**Dataset extract**
*** Begin section ***

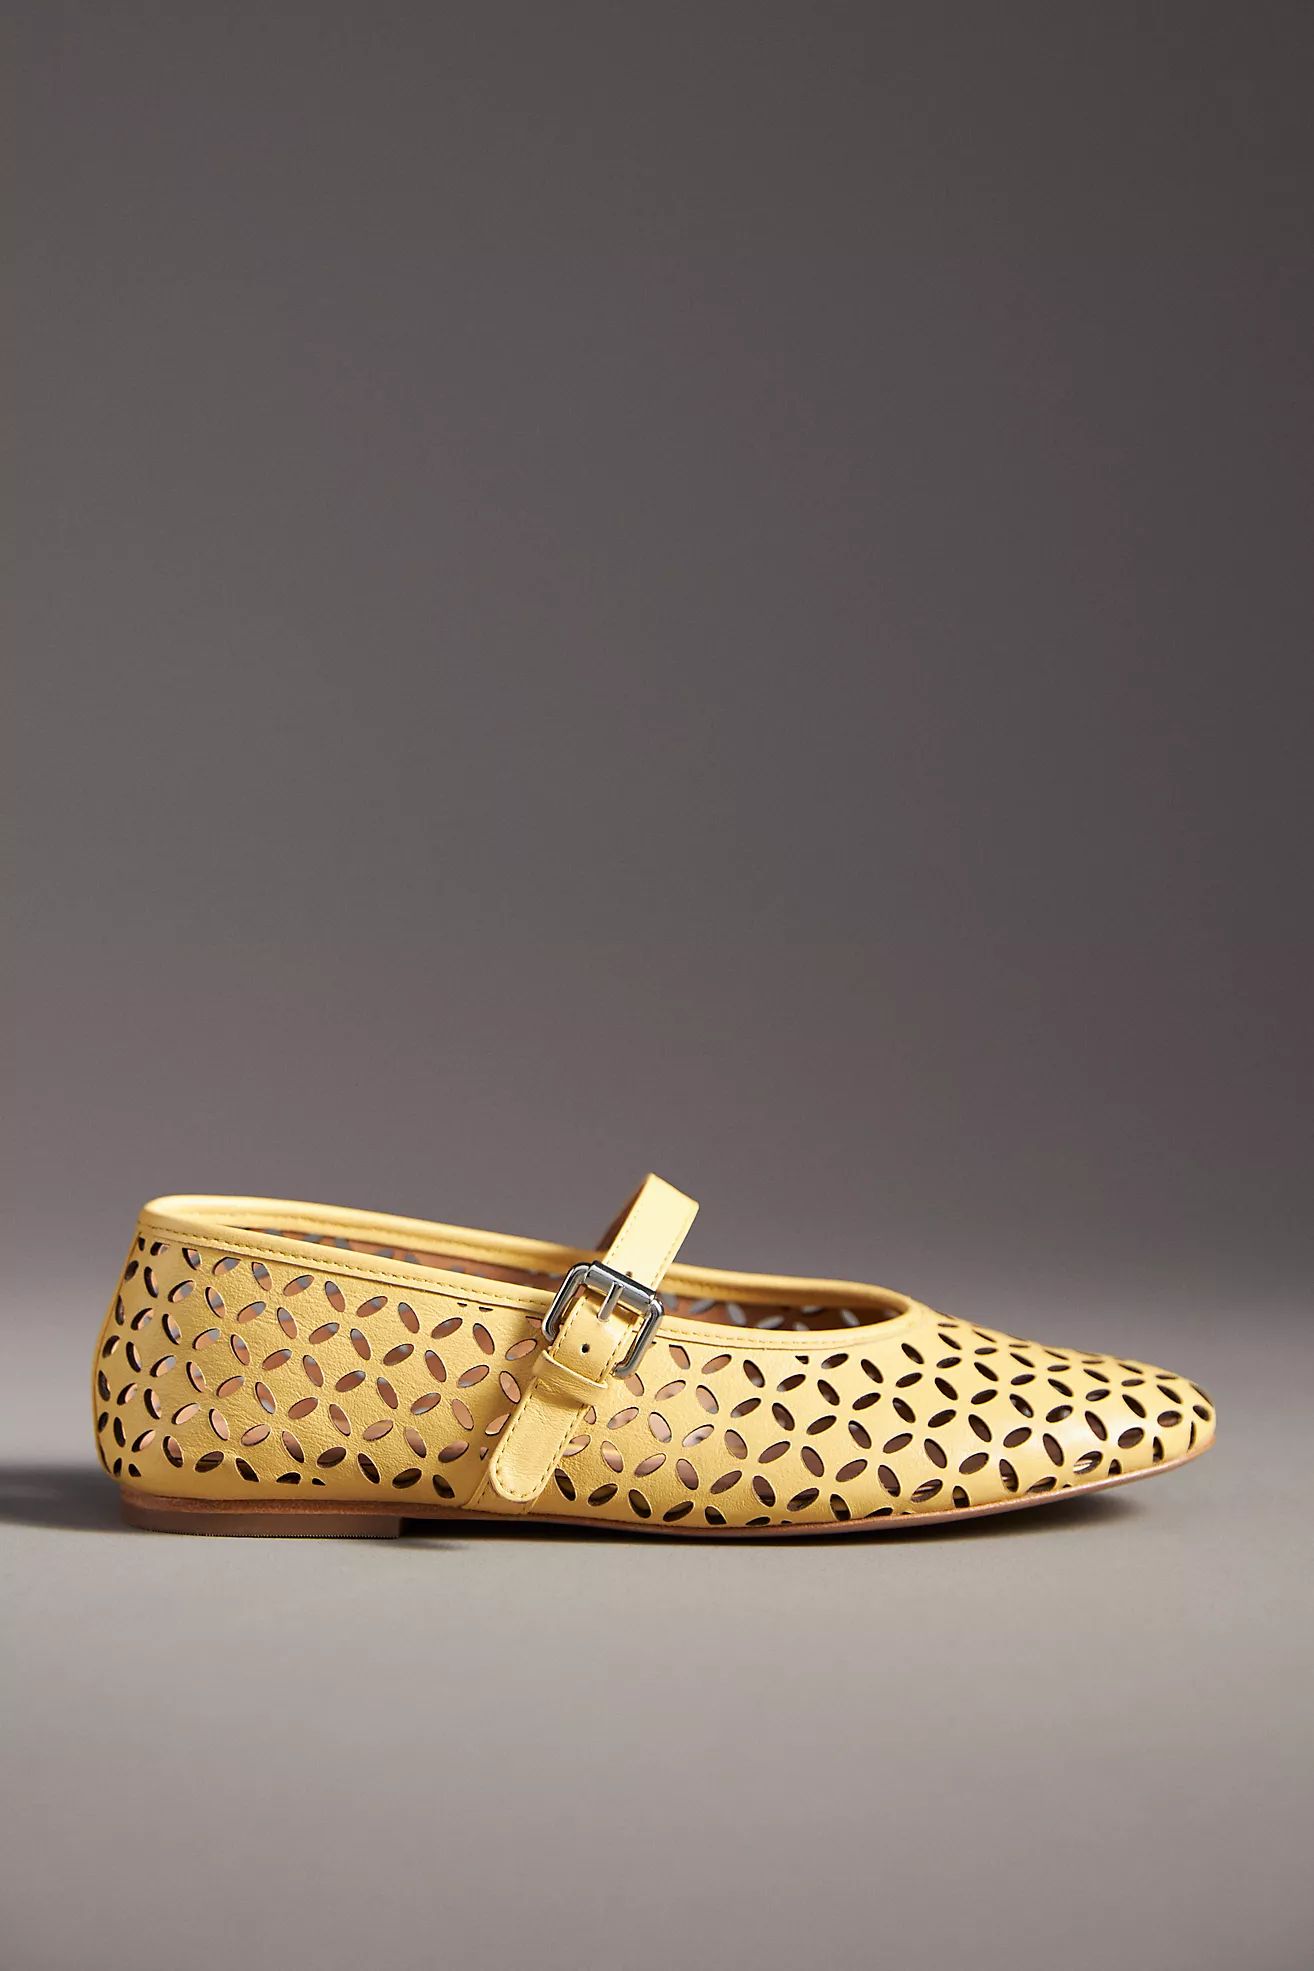 By Anthropologie Floral Cutout Flats | Anthropologie (US)
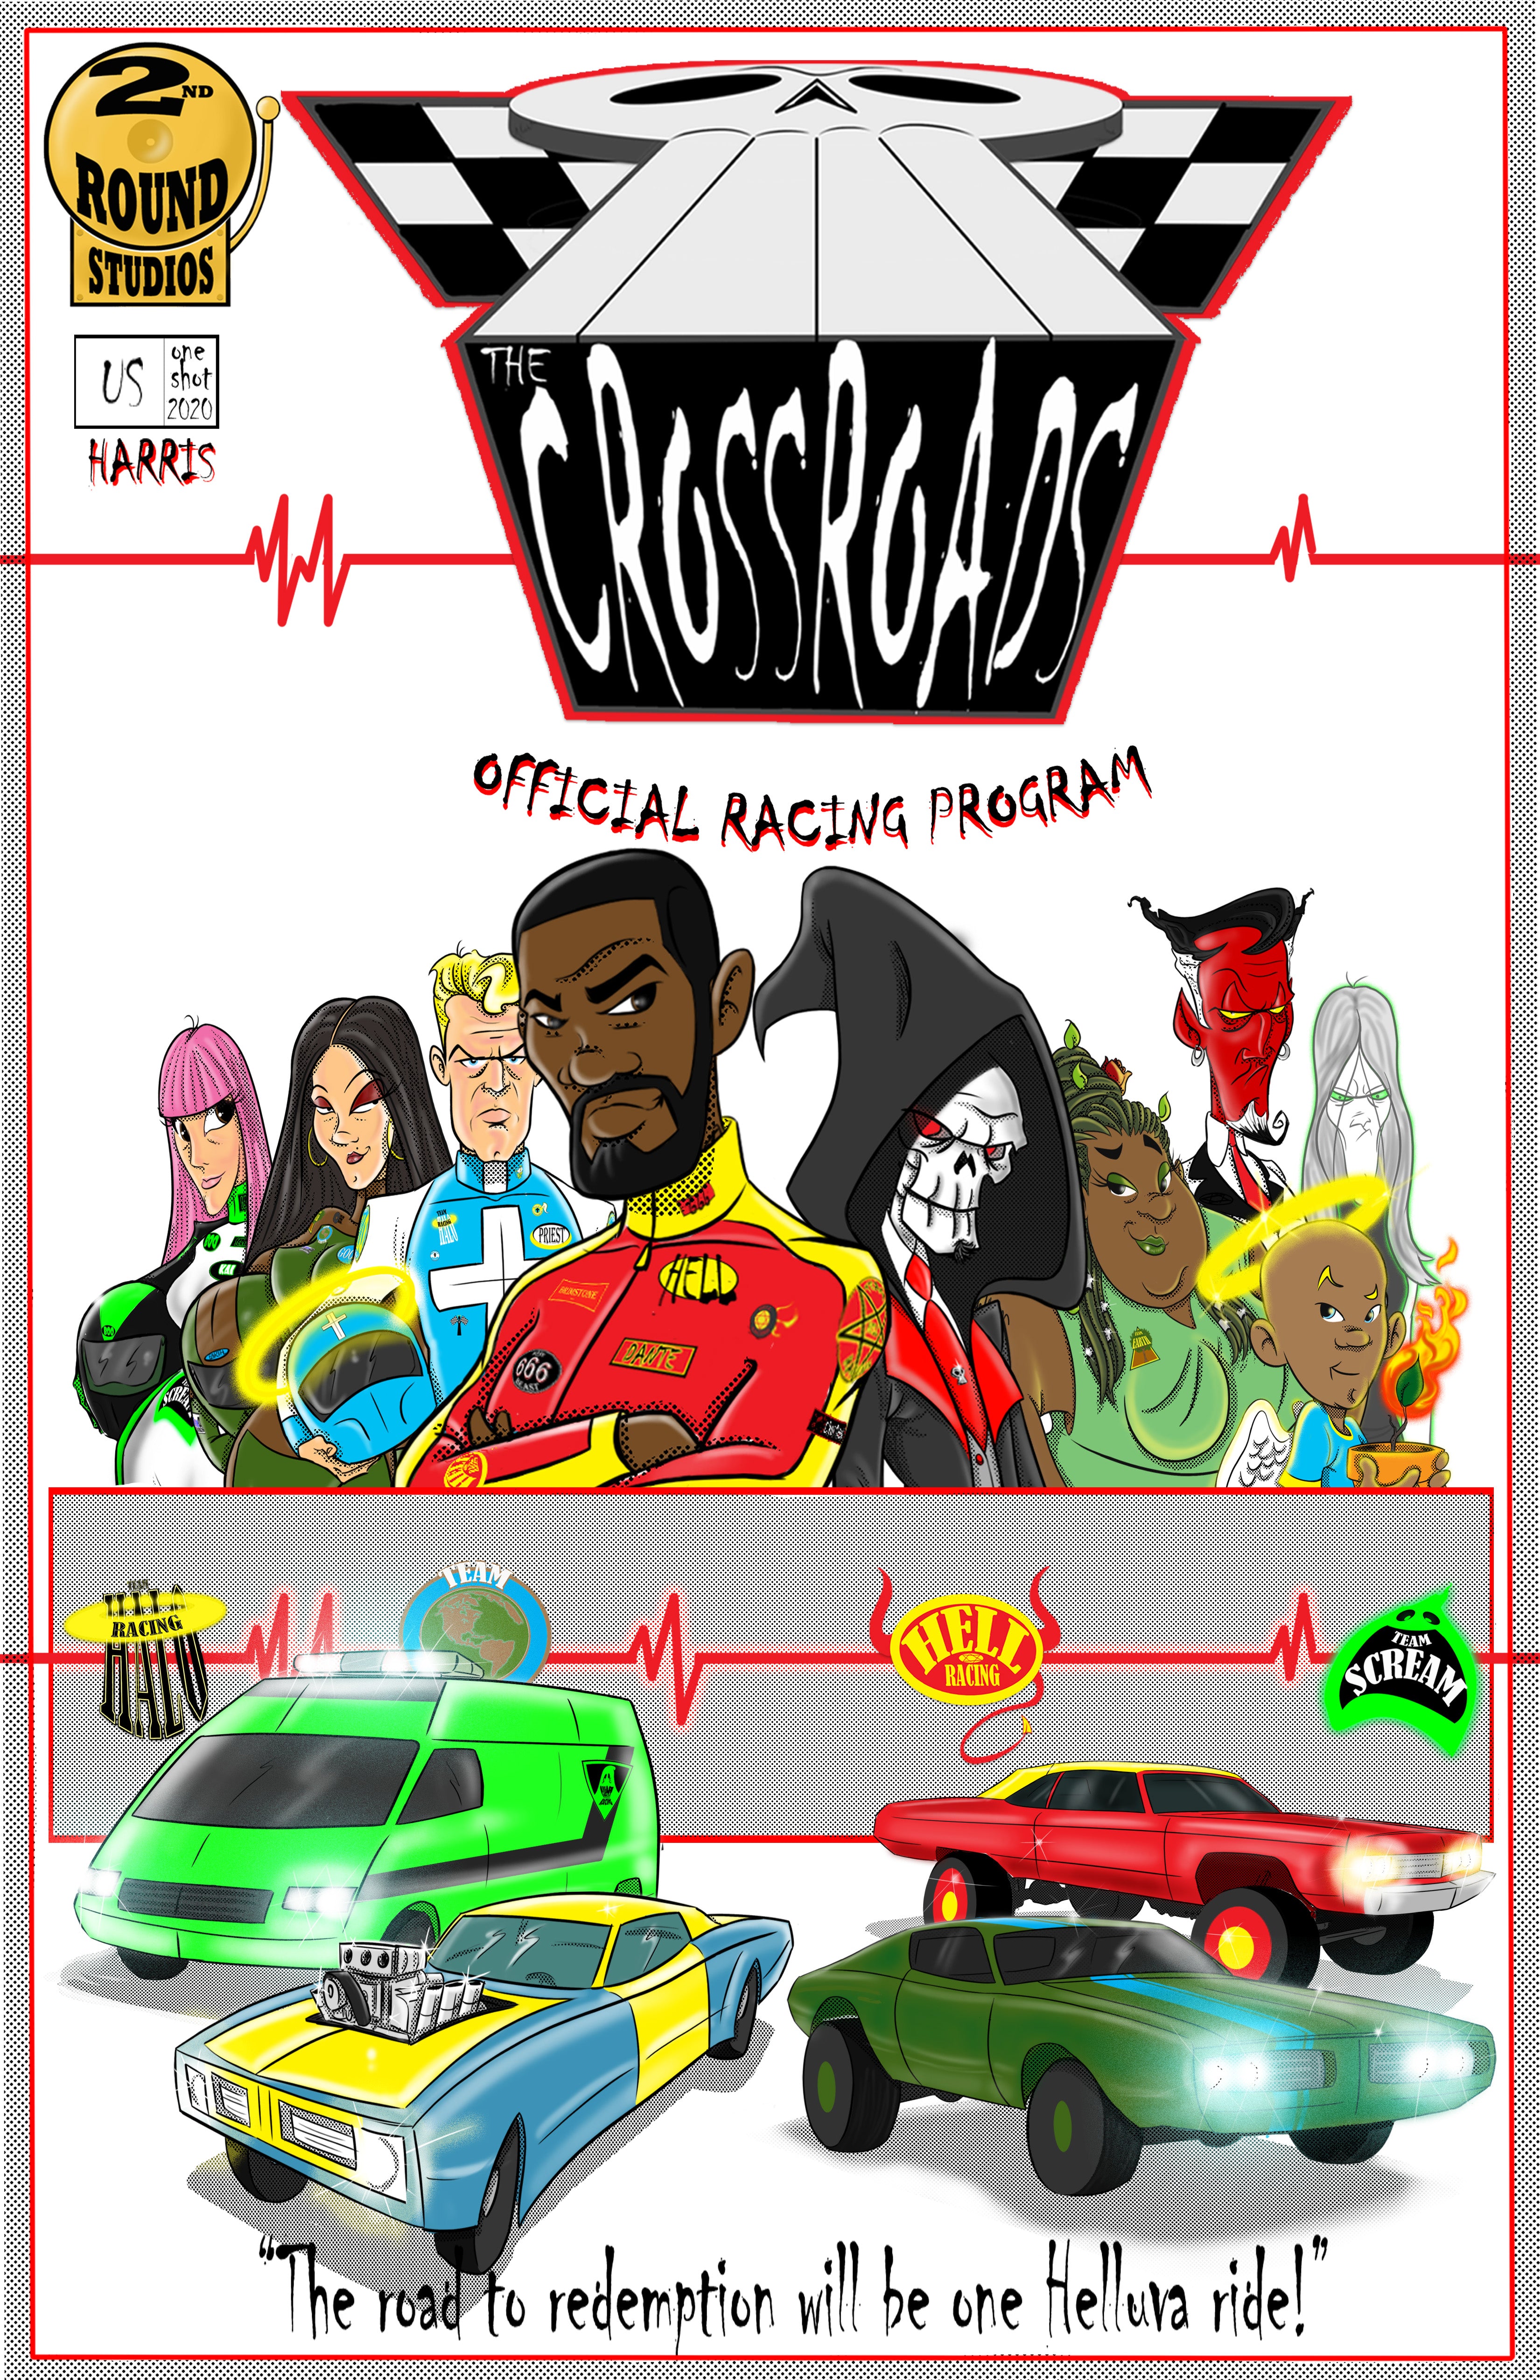 Image of comic book cover with racers and race cars
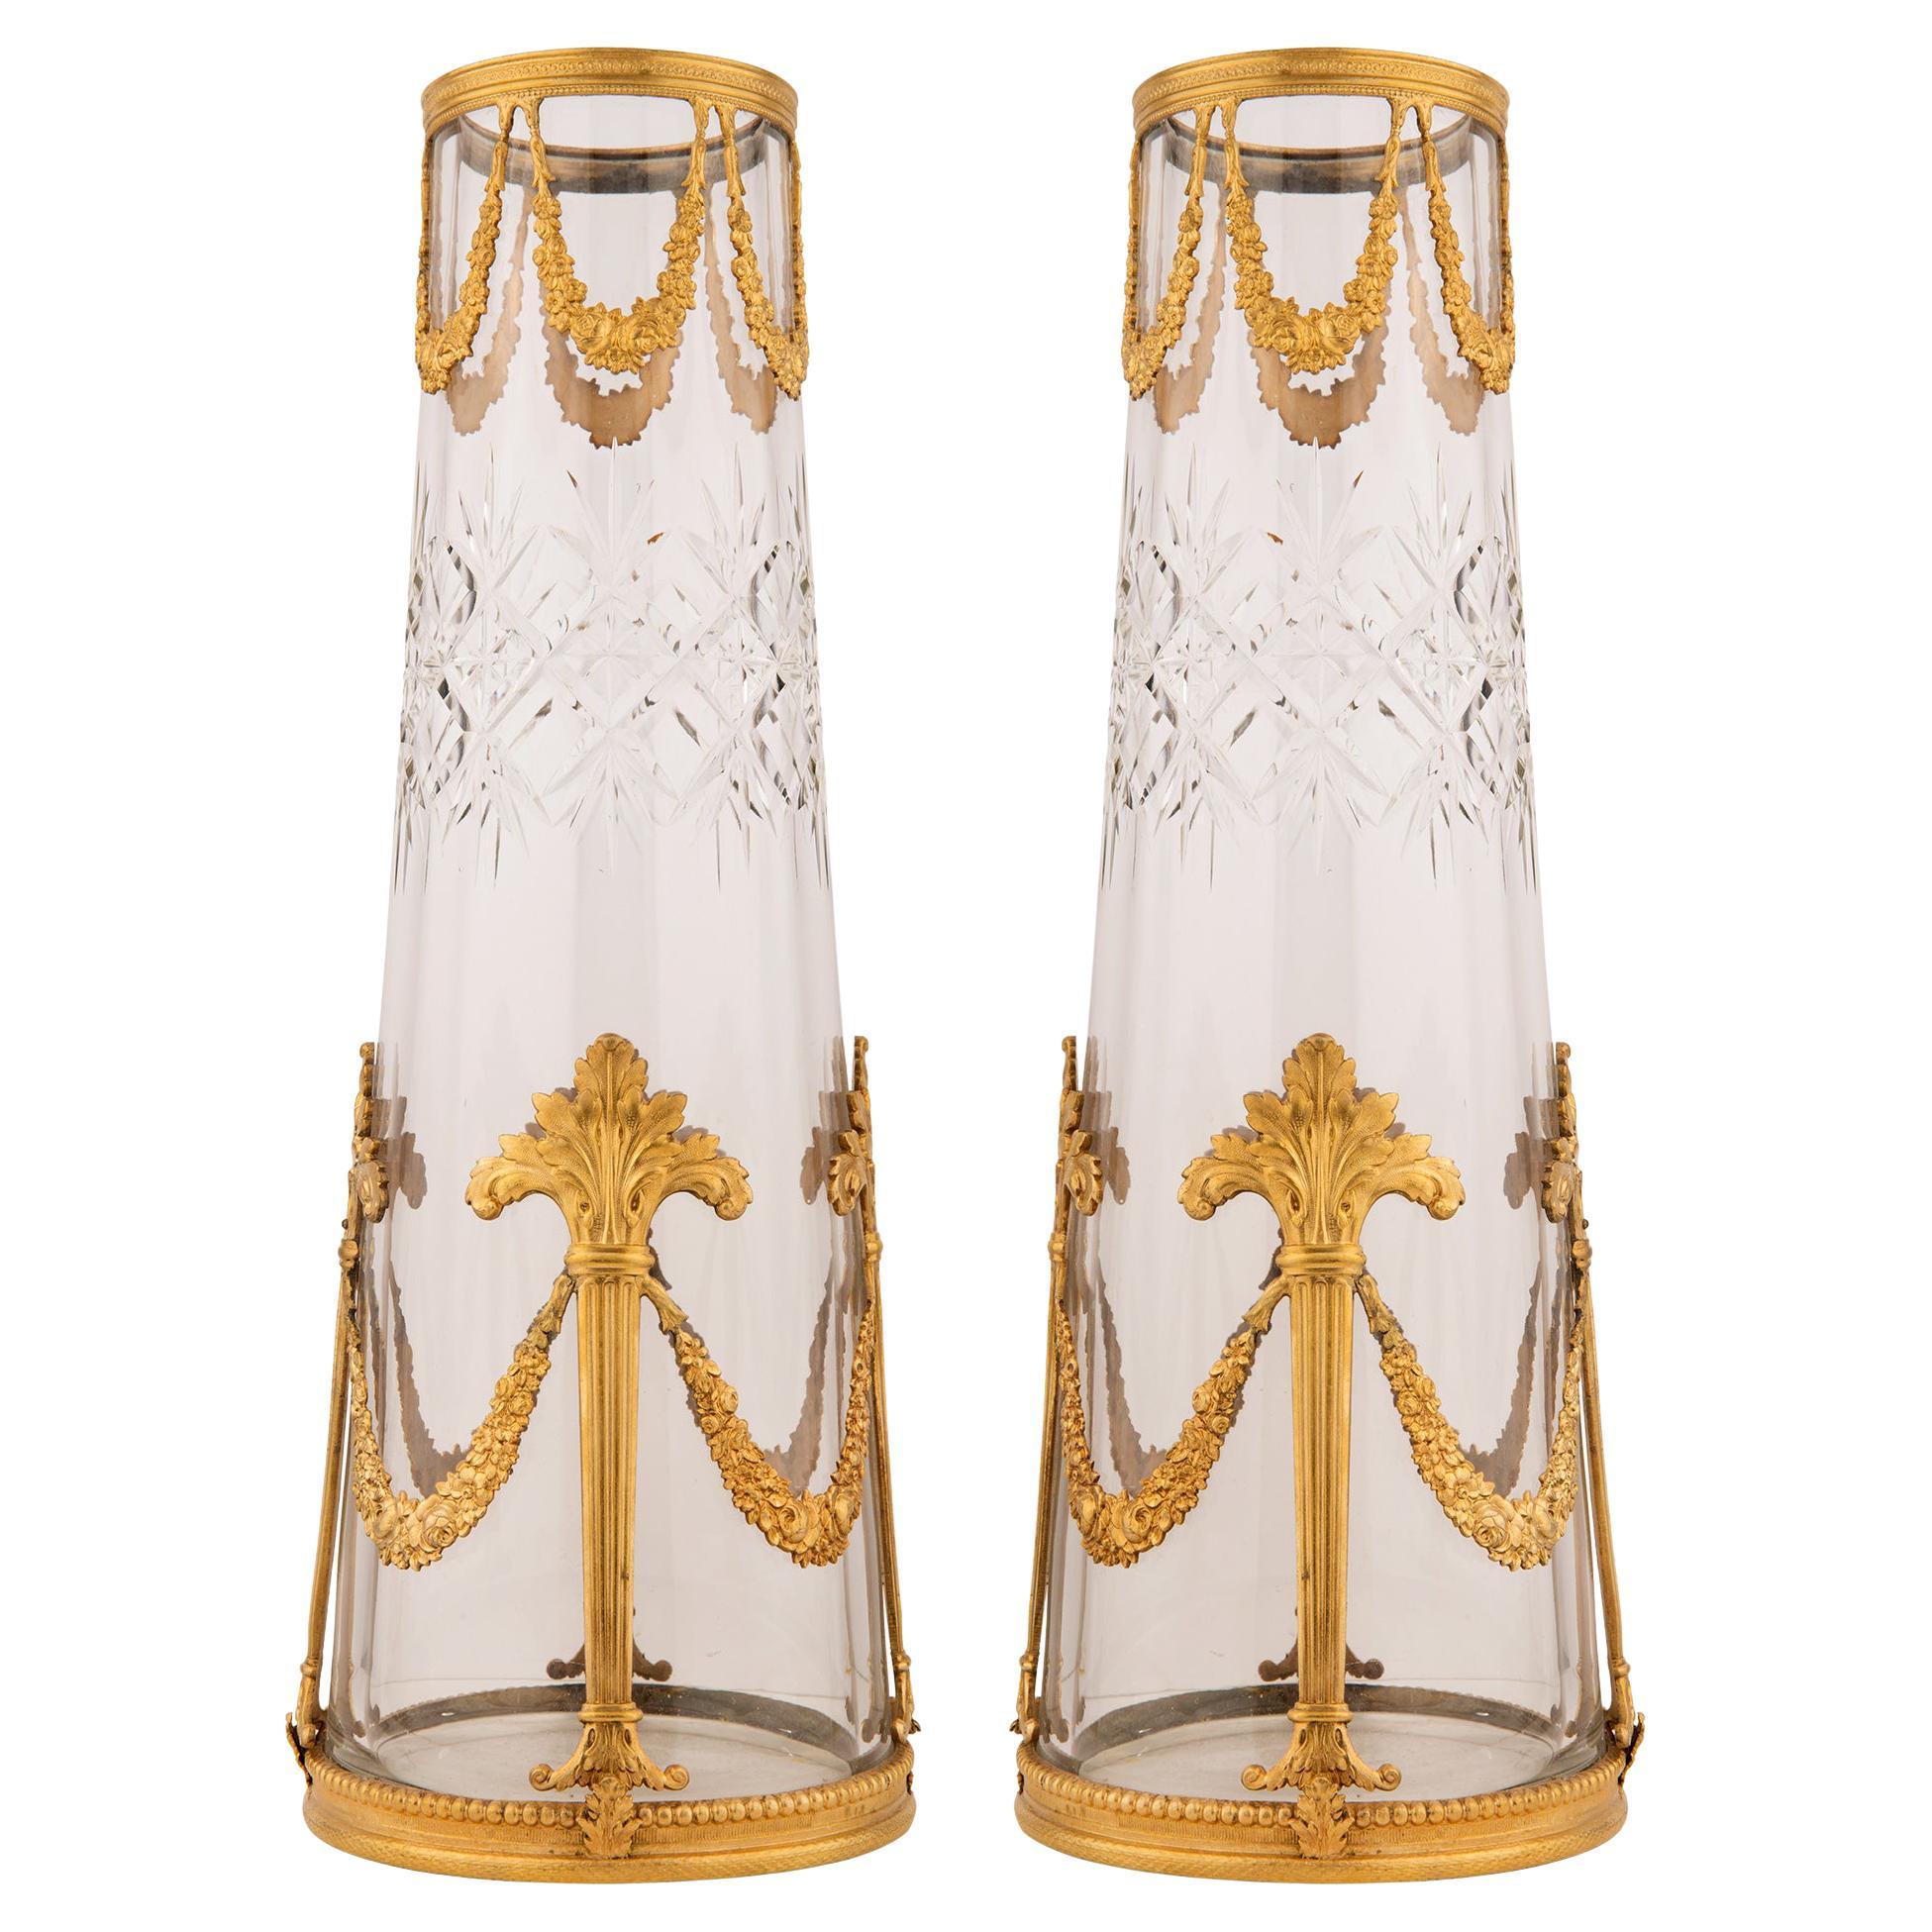 Pair of French 19th Century Louis XVI Style Crystal and Ormolu Vases

*** End section ***

**What you need to do**
Where a picture appears, omit it, and otherwise retype the material exactly.

**Written reply**
 By Anthropologie Floral Cutout Flats | Anthropologie (US)
 Image of comic book cover with racers and race cars
 Pair of French 19th Century Louis XVI Style Crystal and Ormolu Vases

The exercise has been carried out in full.